Кто-то похвалил Берлин.
– Помилуйте! – вступился Шульц. – Ну что там за Берлин! воробью летом напиться негде; а ведь у нас, ведь это я, ей-богу, не знаю – ведь это Венеция!
– Да и лед в мае плавает, – подсказал Истомин.
Шульц рассмеялся и ударил Истомина товарищески по плечу.
В это время кто-то заговорил о театрах; какие театры в Берлине и в Вене; вспомнили о Янаушек и о Газе.
– Что ж Газе! Ну, что ж такое Газе! – восклицал с кислою миною Фридрих Фридрихович поклонникам немецкого Гаррика. – Видел-с я и Газе и Дависона, а уж я не говорю об этом черте, об Ольридже… но… но, я спрашиваю вас… ну что же это такое? Конечно, там в Отелло он хорош, ну ни слова – хорош; но ведь это… ведь это все-таки не то же, например, что наш Василий Васильевич, который везде и во всем артист.
На лицах немцев выразилось общее недоумение и даже перепуг.
Один недоумевающий немец, остолбеневший с куском говядины во рту, торопливо пропустил глоток вина и спросил:
– Это какой Василь Васичь?
– Да Самойлов-с.
– А-га, Самойлов! – произносил недоумевающий немец, точно проглатывал в несколько приемов большую маринованную устрицу.

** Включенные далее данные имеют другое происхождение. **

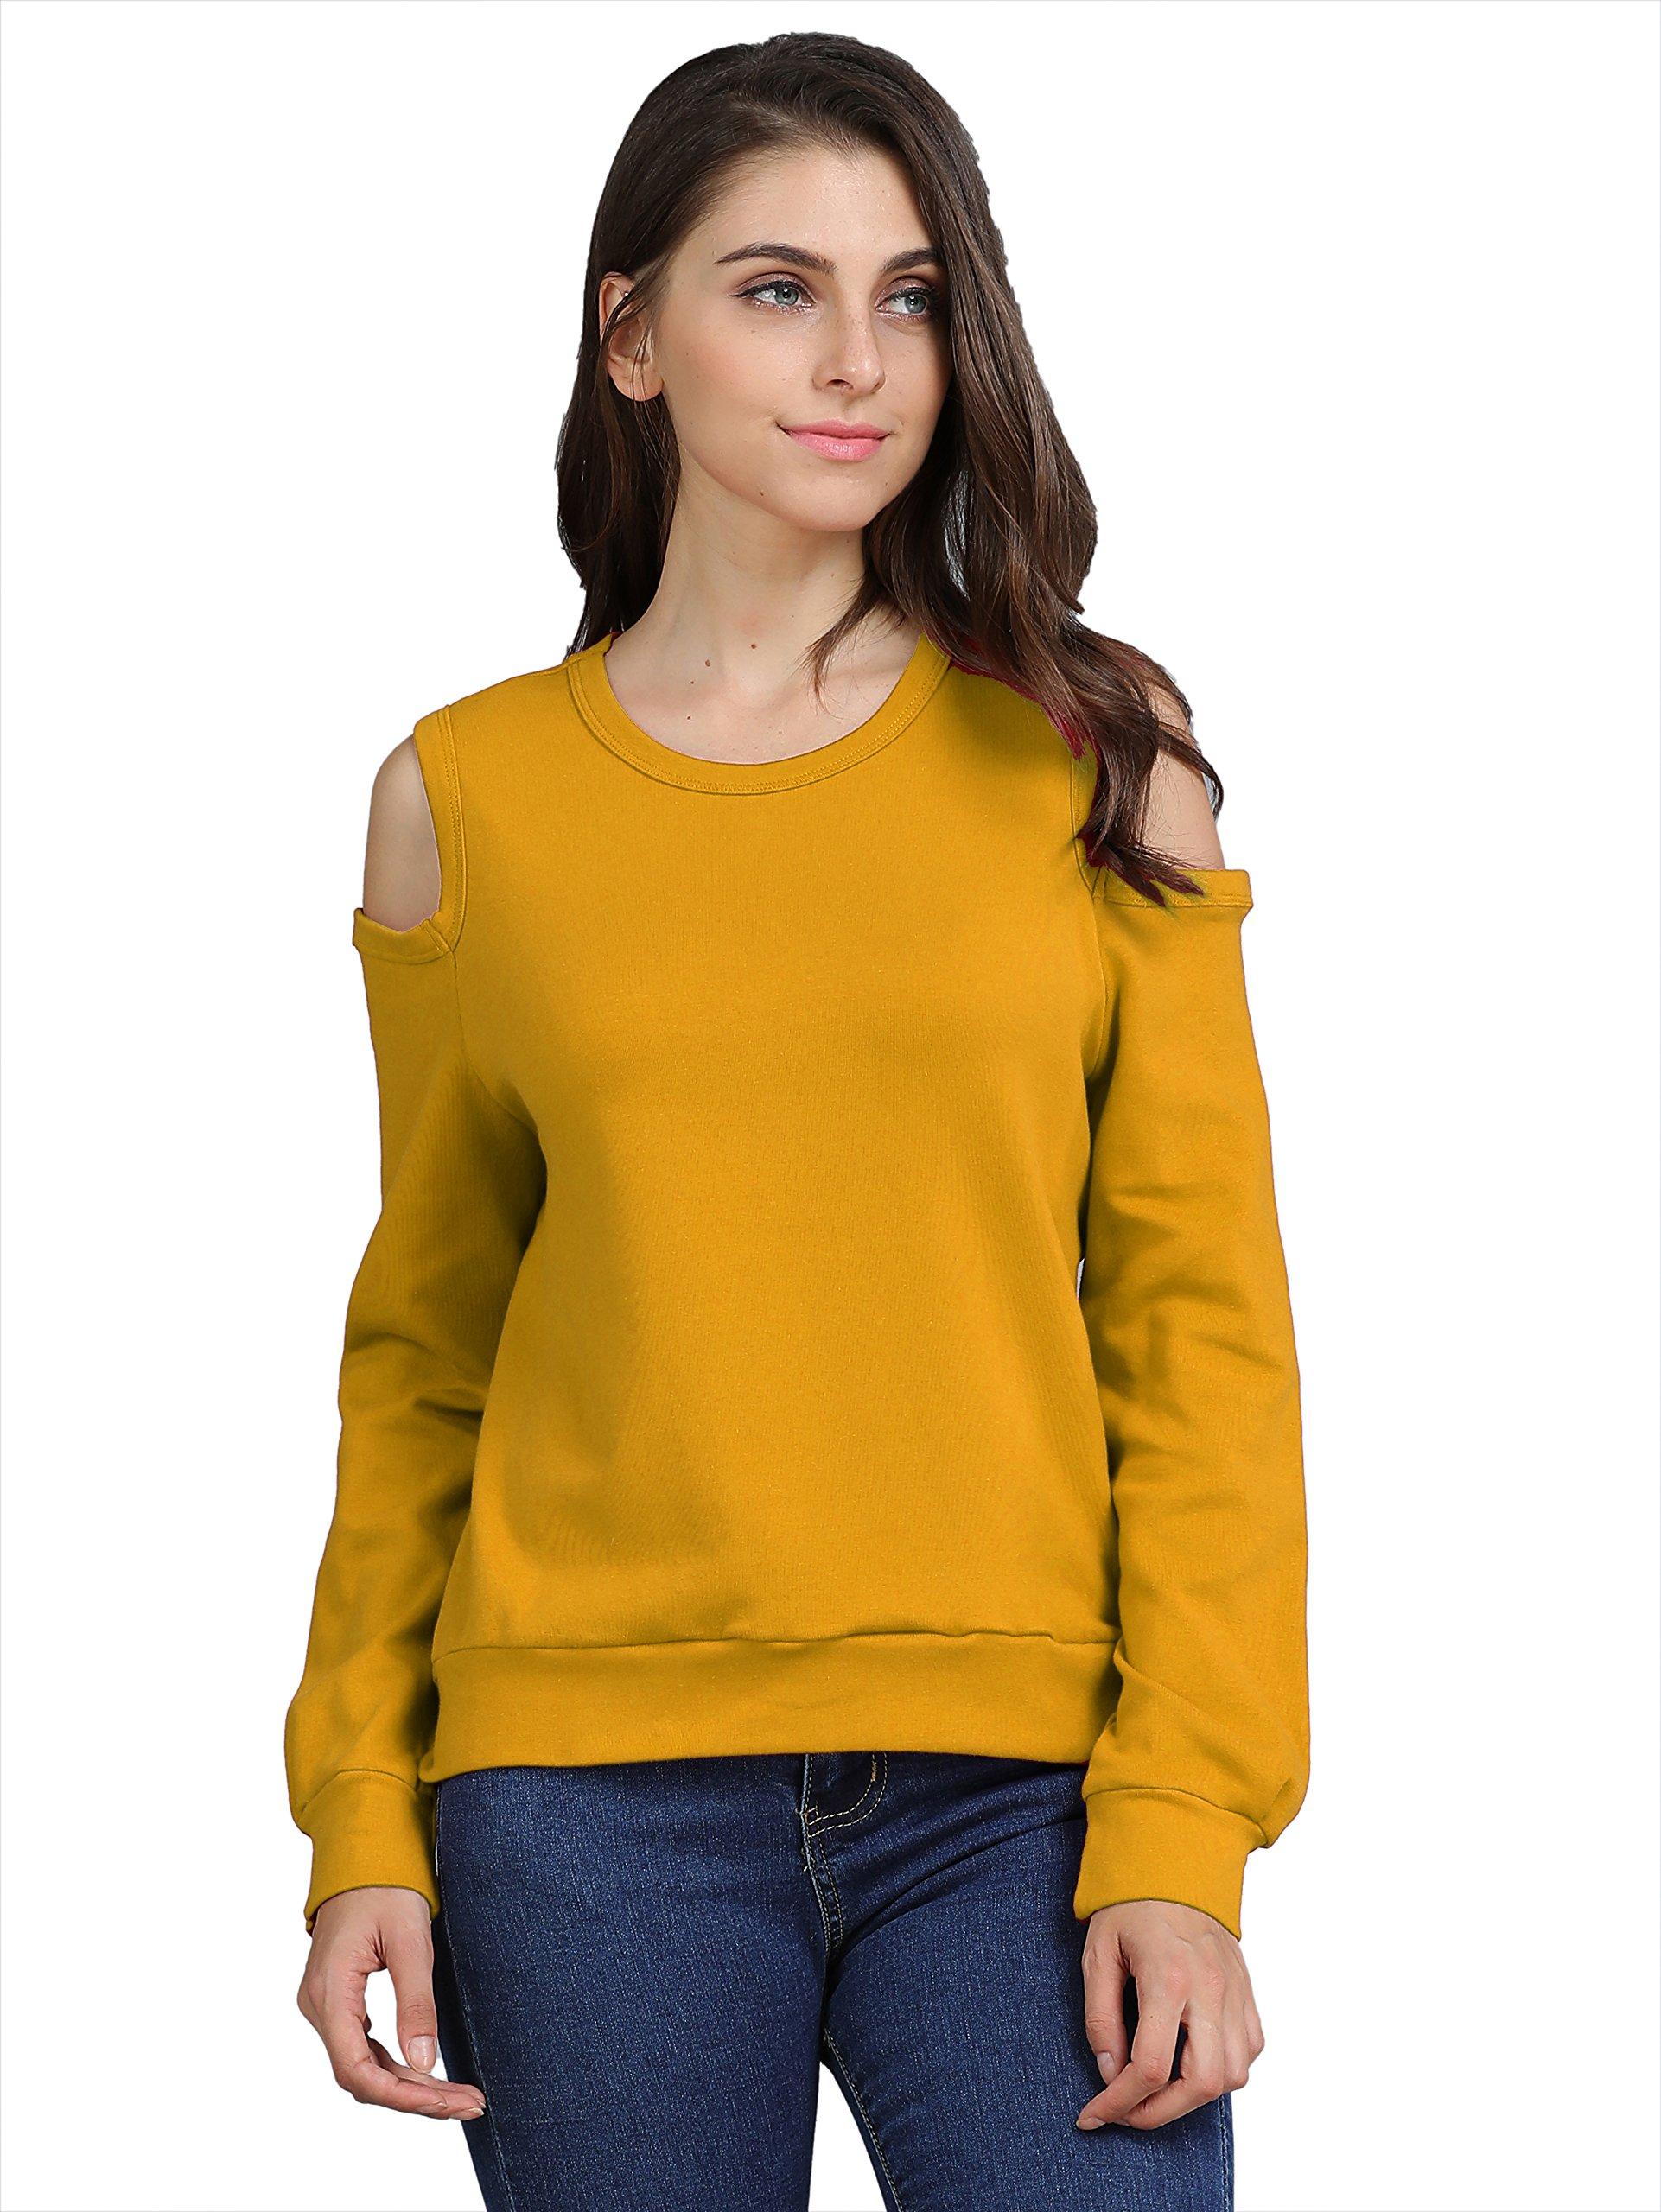 FURAMI Women's Sweatshirt Cold Shoulder Tops Casual Loose Long Sleeve Pullover Yellow M

– Да-с, да, Самойлов! Что может сравниться, я говорю, когда он произносит это, знаете: «О, защитите нас, святые силы неба!» О, я вам скажу, это не шутка-с!
– Очень хорошо, – соглашался недоумевающий немец, проглатывая вторую устрицу.
– Ну, зато уж опера русская! – заводила, покачивая головою, булочница Шперлинг.
– Да, опера того… нехороша была, не теперь-с, а была!– отвечал с соболезнованием Фридрих Фридрихович, – но певцы хорошие все-таки всегда были. Итальянцы там, конечно, итальянцами; но да-с, а я ведь за всех этих итальянцев не отдам вам нашего русского Осипа Афанасьевича. Да-ас! не отдам! Осипа Афанасьевича не отдам!
– Кто это Осип Афанасьевич? – осведомлялся опять недоумевающий немец.
– Осип Афанасьевич! А вы такой башибузук, что не знаете, кто такой Осип Афанасьевич! Откуда вы приехали?
– Что ж такое… я ведь, кажется… ничего… – бормотал, испугавшись, немец.
– Ничего! Нет, я вас спрашиваю: откуда вы к нам в Петербург приехали?
Немец встревожился и даже перестал жевать. Меняясь в лице, он произнес:
– Да, да, да; конешно, конешно… ich weiss schon…[25] это высочайше…
– Перестаньте, пожалуйста, бог знает что говорить, это высочайший бас! понимаете вы: это Петров, бас! Осип Афанасьевич – наш Петров! – разъяснил ему более снисходительно Фридрих Фридрихович. – Певец Петров, понимаете: певец, певец!
– Петттроф, певец, – улыбался, блаженно успокоившись, немец.
– Да-с; это бархат, это бархат! Знаете, как у него это!
Друзья! там-там-там-там-та-ра-ри,
Друзья! том-том-та-ра-ра-ра,
Трам-там-там-там-там-та-ра-ри,
Тром-том-том-та-ра-ра-ра!
Фридрих Фридрихович напел кусочек из известной в репертуаре Петрова партии Бертрама – и взглянул исподлобья на Истомина: тот все супился и молчал. С каждым лестным отзывом Фридриха Фридриховича, с каждой его похвалой русской талантливости лицо художника подергивалось и становилось нетерпеливее. Но этой войны Истомина с Шульцем не замечал никто, кроме Иды Ивановны, глаза которой немножко смеялись, глядя на зятя, да еще кроме Мани, все лицо которой выражало тихую досаду.
Гости поотошли в сторону от своих обыкновенных тем и говорили о музыке или собственно бог знает о чем говорили.
Собственная особа Фридриха Фридриховича все больше увлекалась артистическим патриотизмом: он сорвался с петель и уж немножко хлестаковствовал:
– Самойлов… – говорил он. – Я с ним тоже знаком, но это… так вам сказать, он не простец: он этакий волк с клычком; Ришелье этакой; ну а Петров, – продолжал Шульц, придавая особенную теплоту и мягкость своему голосу, – это наш брат простопур; это душа! Я, бывало, говорю ему в Коломягах летом: «Ну что, брат Осип Афанасьич?» – «Так, говорит, все, брат Шульц, помаленьку». – «Спой», прошу, – ну, другой раз споет, а другой раз говорит: «Сам себе спой». Простопур!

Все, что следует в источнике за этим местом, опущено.